# Calor and user-owned portable LPG cylinders..



## Don_Madge (May 1, 2005)

The following article appears in the latest edition of the Caravan Club Magazine. 

CALOR HAS advised all its stockists, including company-owned sites, which supply autogas, not to refill user-owned portable LPG cylinders.. 

The company has established that, although it is not currently illegal to fill refillable cylinders at an autogas site, the insurance protection covering a Calor autogas installation may be jeopardised as a result of any incidents arising from refilling such cylinders. 


The advice does not cover permanently attached tanks for heating and cooking, as they come under the Road Vehicles Construction& Use Regulations. Meanwhi1e, Calor is advising that any customers requesting such a service should be directed back to the origina1supplier of the cylinder. 

I wonder if there other filling stations other than supplied by Calor?I've contacted Calor and will post the reply if and when. 

This should not effect us (I hope) as we have a external filling point, I've only filled up once in this country that was when the bottle was first installed. 

Don


----------



## Don_Madge (May 1, 2005)

This is the reply I received from Calor.

Dear Mr Madge

The Caravan Club article is correct but it is not just Calor's advice,it stems from the LPGAs statement on the subject which I attach. 

Hope this clarifies the situation.

Regards

Andrew Ford
Corporate Affairs Manager

The LPGA Statement

"It is our advice that user owned, portable LPG cylinders should not be refilled at autogas refuelling sites.
It is our view that UK Health and Safety law, particularly the new Dangerous Substances and Explosive Atmospheres Regulations (DSEAR) and the Transportable Pressure Vessels Regulations, impose significant duties on the site operator to ensure safety. Autogas filling points are places of work and their personnel have responsibility for safety to everyone on the site,including the general public.
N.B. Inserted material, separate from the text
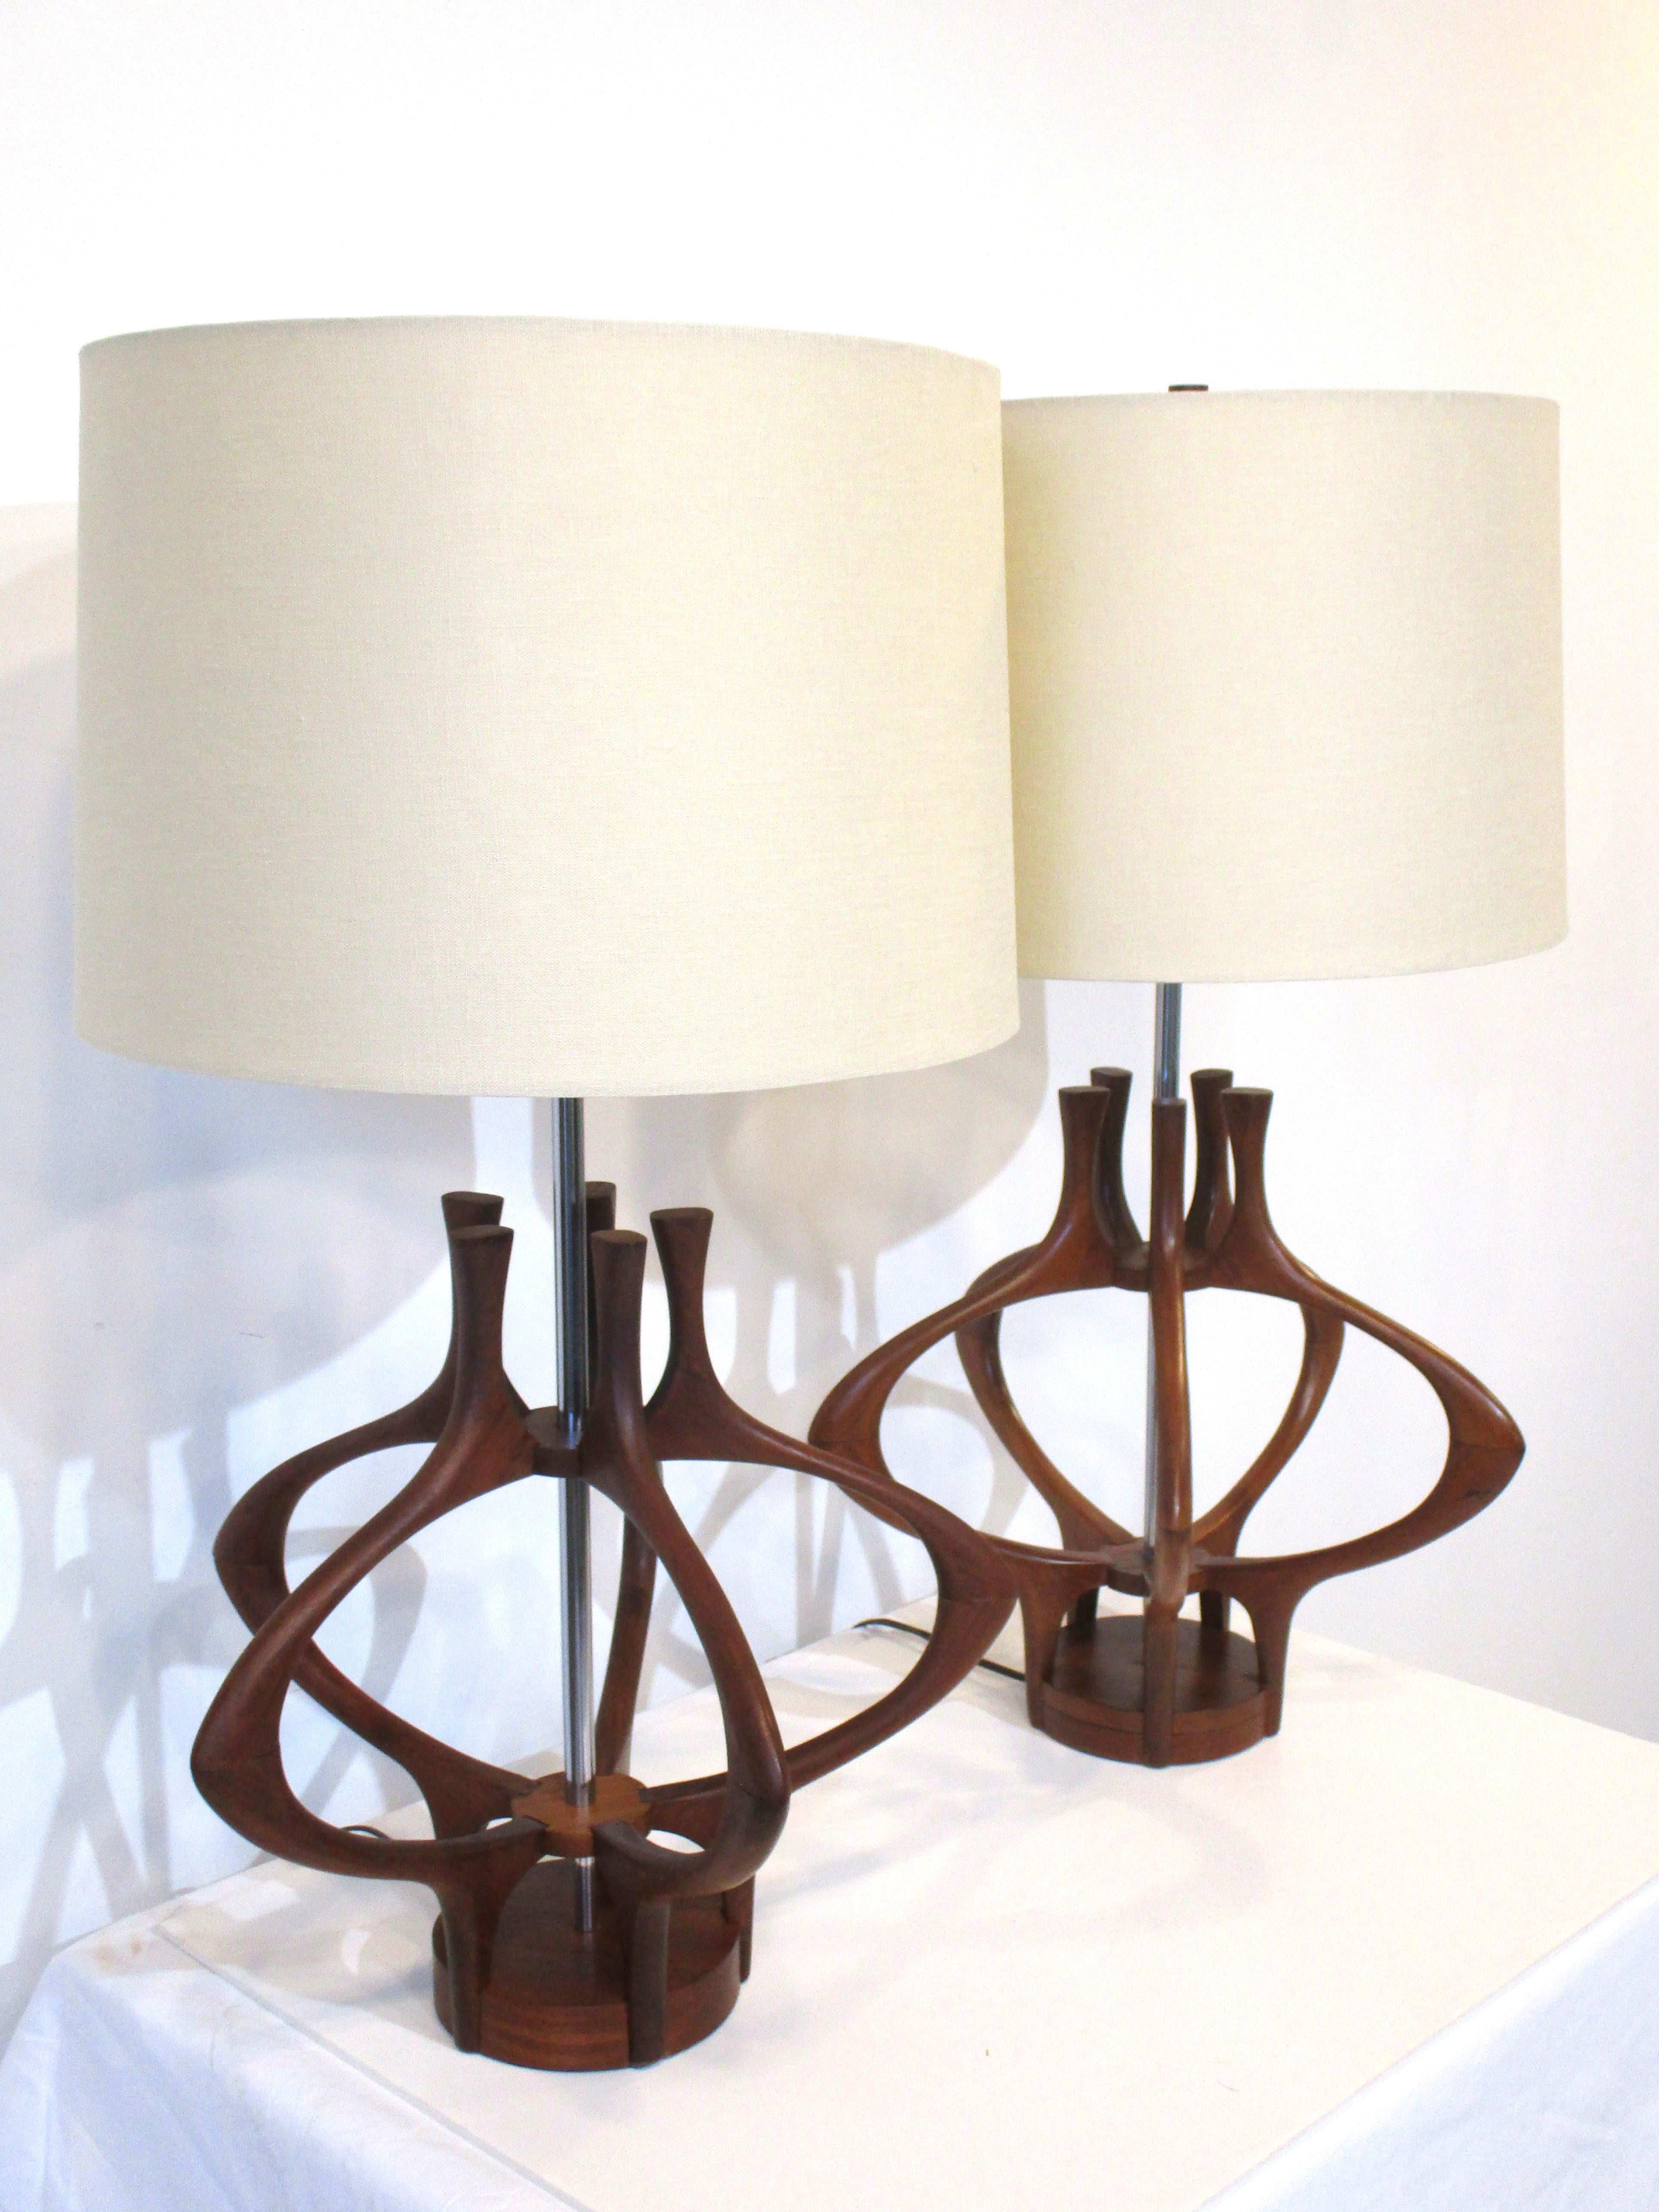 A pair of rare sculptural walnut table lamps with polished metal staff topped with cream toned linen shades. A stunning Danish styled design with the open body letting the light play with the form when lit, attributed to the Modeline Lighting

They authorise the flow of gas from the dispenser and they may be considered, in law, the filler.

Safe filling of LPG cylinders requires appropriate expertise and/or equipment. 
Staff at autogas filling points cannot fulfil statutory obligations as they have neither.
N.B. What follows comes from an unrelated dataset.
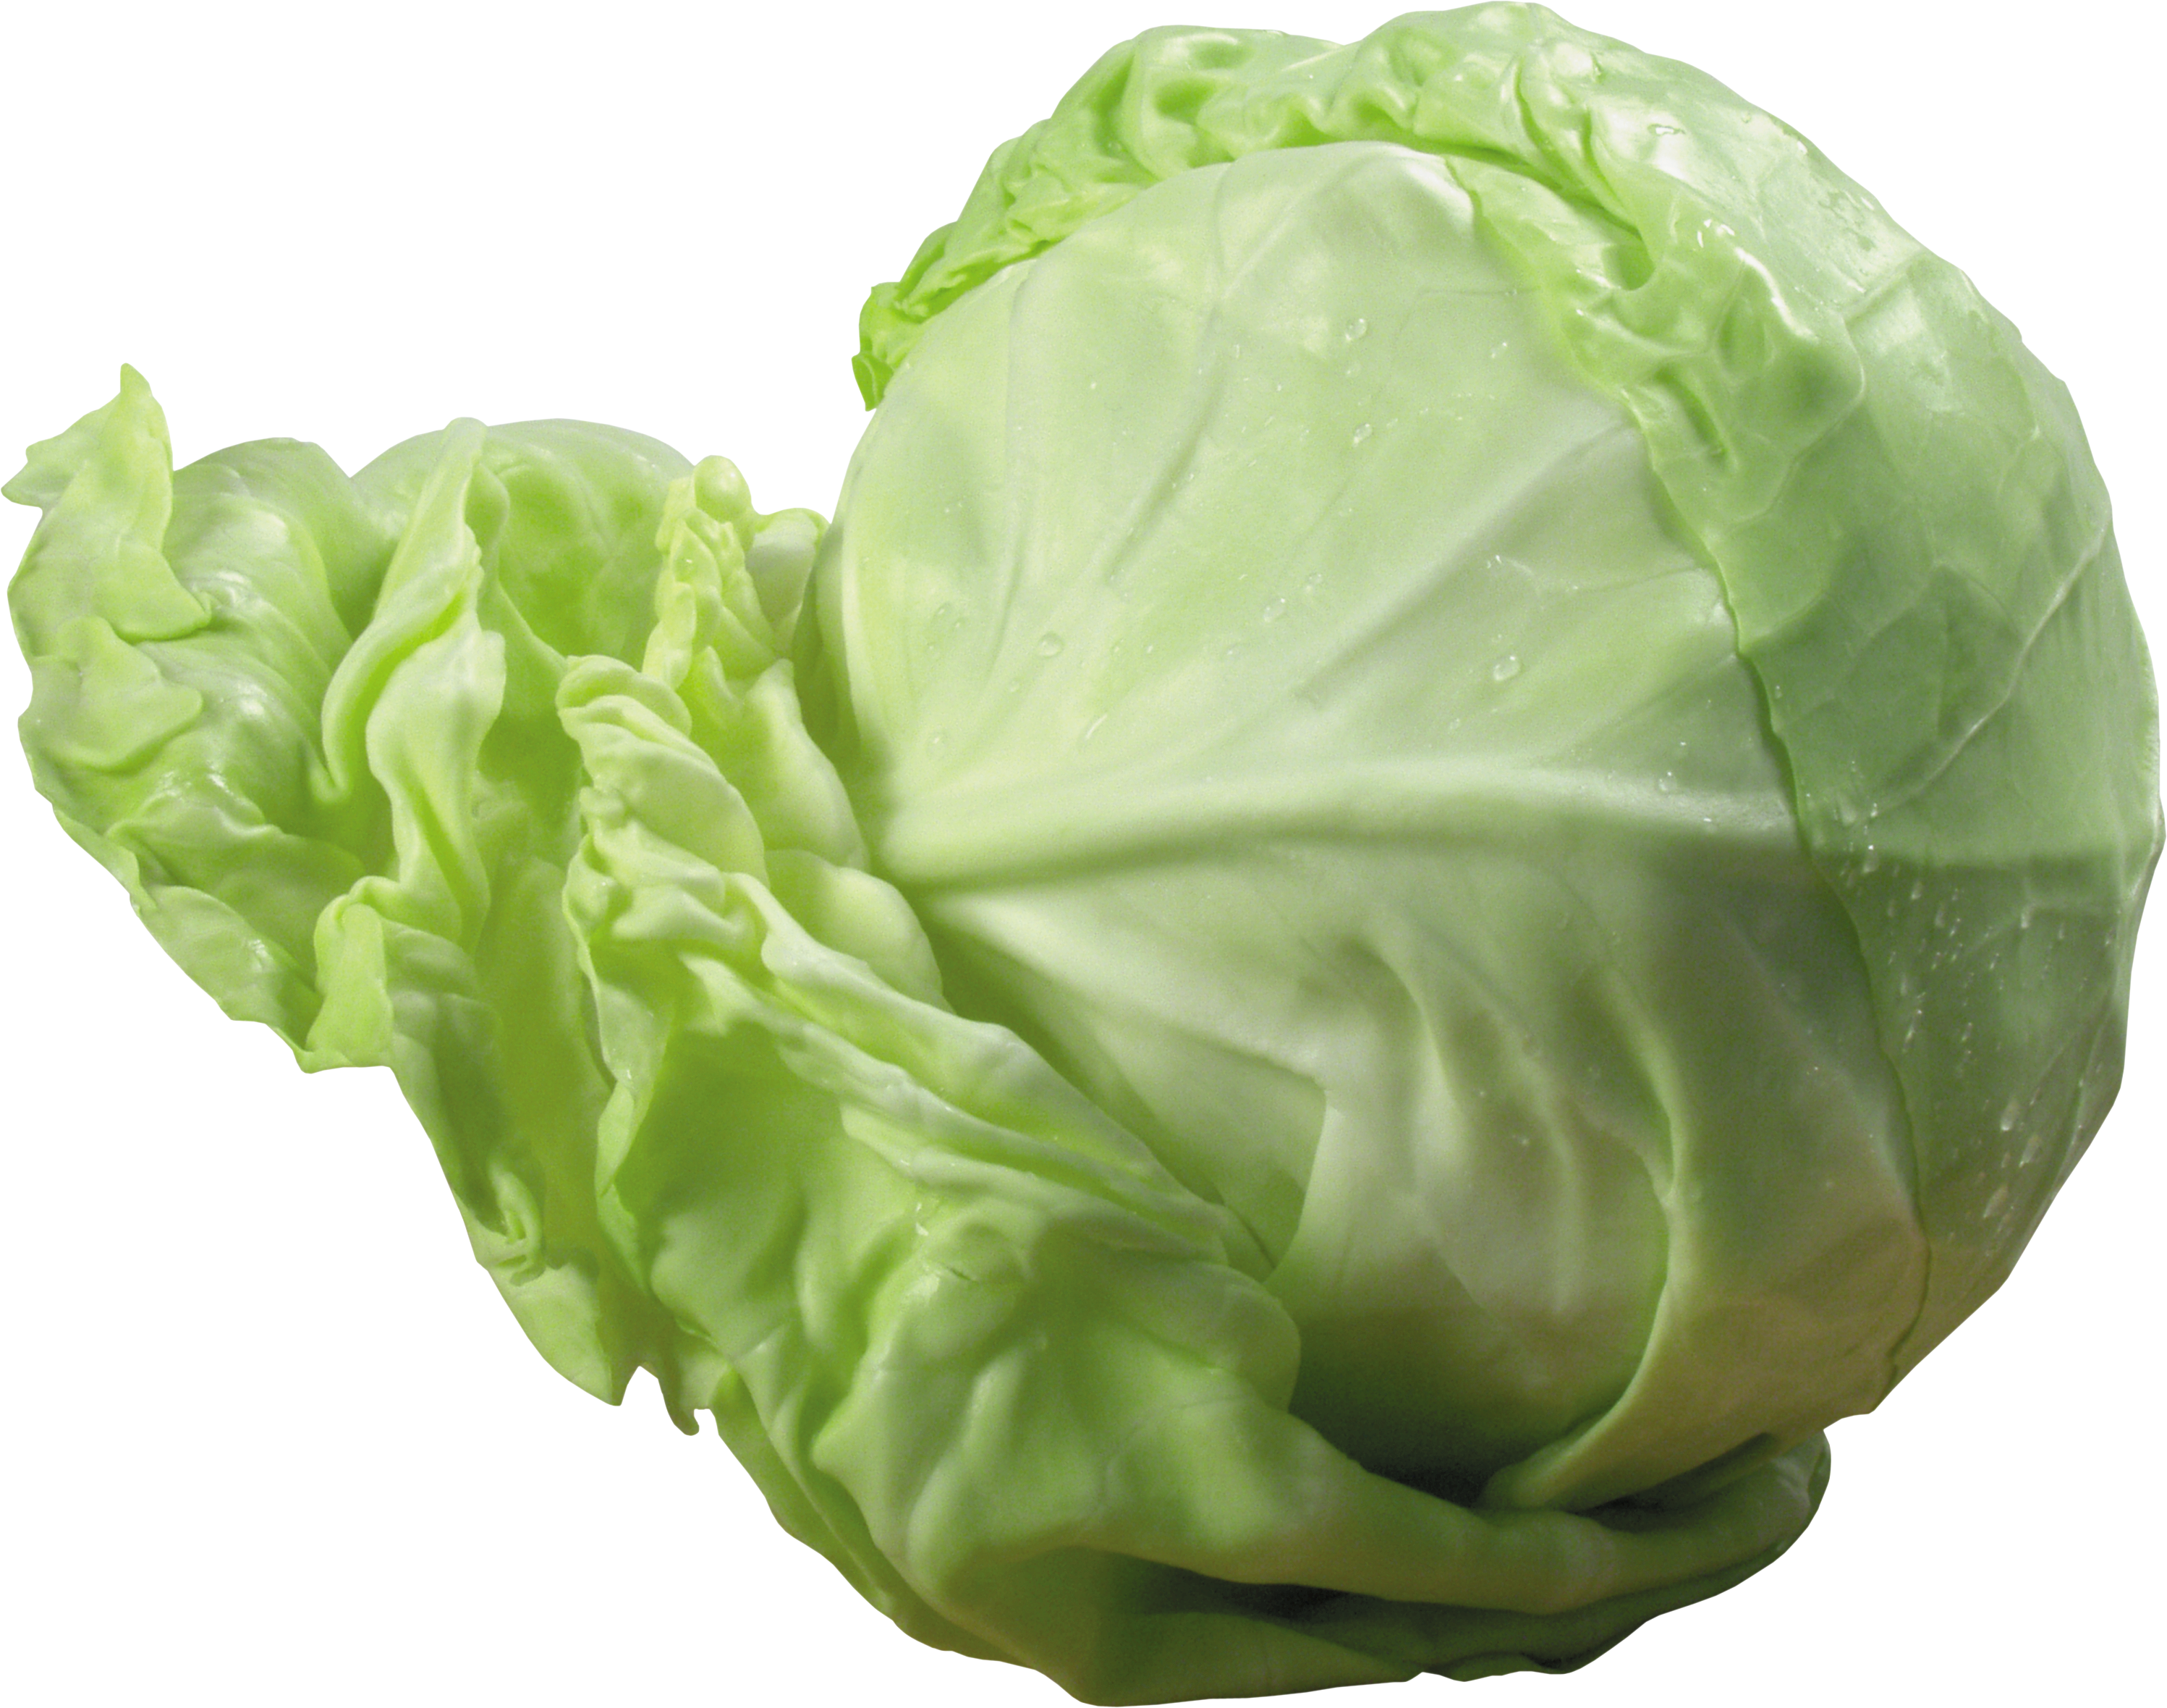 Png image . Vegetables clipart cabbage

Were there to be any accident the site operator could be liable to prosecution.

Tanks which are permanently attached to a vehicle for heating or cooking (on camper vans or similar) come under the Road Vehicles Construction and Use Regulations and present similar risks on filling to those for propulsion purposes and may be permitted to be re-filled at autogas refuelling sites."


----------



## Anonymous (Nov 10, 2000)

Interesting, I wonder how one defines "permanently attached" my gas cylinder is held in place by a ratchet webbing strap in a well made cradle(which obviously could be classed as portable), the refilling pipe bracket is attached to the inside skin of the locker by 3 poprivets (permanent), but the refilling pipe is attached to the bracket by 3 bolts and to the cylinder by the usual thread, now is all that classed as a permanent or portable fixture ?
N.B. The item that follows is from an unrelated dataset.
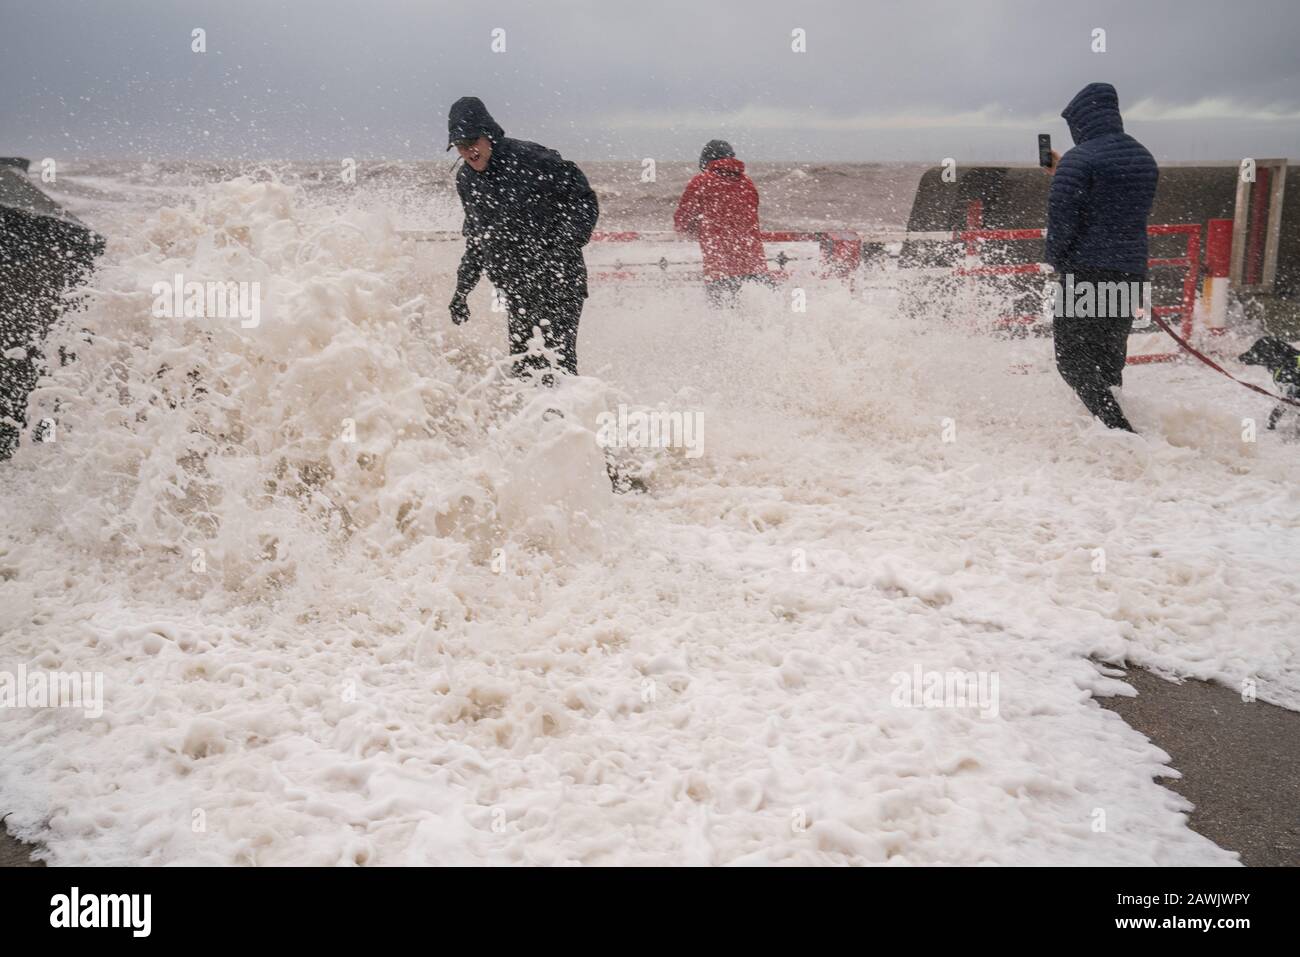 New Brighton, Wirral. 9th Feb, 2020. People are soaked by waves crashing into the promenade at New Brighton on the Wirral caused by Storm Ciara. Credit: Christopher Middleton/Alamy Live News Stock Photo

All fuel tanks I've seen have bee attached by removable bolts is that permanent or portable, or am I being pedantic.

One other point, as the gas is being used for heating and cooking it should be subject to a lower rate of VAT.

Ken


----------



## nobbythehobby (May 9, 2005)

The Caravan Club have been typically sluggardly about this with their comments in their magazine over recent months, choosing to parrot the 'advice' of their commercial business partner, Calor Gas. The latter of course have significant interest in maintaining the status quo on this matter. What about all the other filling stations, Shell, BP etc.? Who else have the CC consulted?

Several months ago, the Caravan Club carried a small piece in it's 'technical section' (sic) in response to queries from a number of members who apparently saw benefits to be had from autogas refillable cylinders. One might reasonably expect that the Club, by way of responding to the interests of it's members, would put some effort into looking into the various aspects of the use of these cylinders but alas, no. Quoting the 'safety' advice of the LPGA via Calor Gas, they merely advised members not to use them on safety grounds. Why so? The great majority of these cylinders carry the same technology with safety fill cutoff and gauge that fixed tanks have and these are welcomed at autogas refill stations. Indeed, the type available from TB Turbo and MTH are manufactured by WVM, one of Europe's premier manufacturers of gas tanks.

If the Caravan Club put some effort into investigating the use of these cylinders, they may well even be able to further the interests of their members by way of succesfully lobbying the LPGA who must surely in any case eventually follow the accepted practice in Europe where the safety of refillable cylinders is readily accepted. I suppose they're too busy reviewing torches or something?

The approach of the CC over this matter has to my mind been pathetic and in complete contrast to the member supportive attitude of the Motorcaravanners Club whose different approach can be seen here http://www.motorcaravanners.org.uk/ but I guess the MCC aren't hand in hand with a business partner with financial interests at work.

The MCC entry clearly suggests that refillable bottles strapped into the vehicle will be classed as 'permanent' for all intents and purposes. As it happens, my refillable is strapped into a locker and I have never had any problems getting it refilled, either in the UK or Europe - no thanks to the efforts of the Caravan Club.

Like many others, if it wasn't for CL's, the Caravan Club would not see my annual subscription!

Steve


----------



## Anonymous (Nov 10, 2000)

Like you Steve, I also have had no problems refilling, and in my own mind it is a permanent fixture. One thing for sure I will not go back to lifting the cylinders in /out of the locker.

Ken


----------



## Bazbro (May 9, 2005)

Thanks for this post, Don, and an excellent response, Steve.

I'm in despair with this country, that every organisation seems to look for ways to opt-out of almost anything under the guise of obeying "Health & Safety". In the main, these arguments are spurious and a total cop-out.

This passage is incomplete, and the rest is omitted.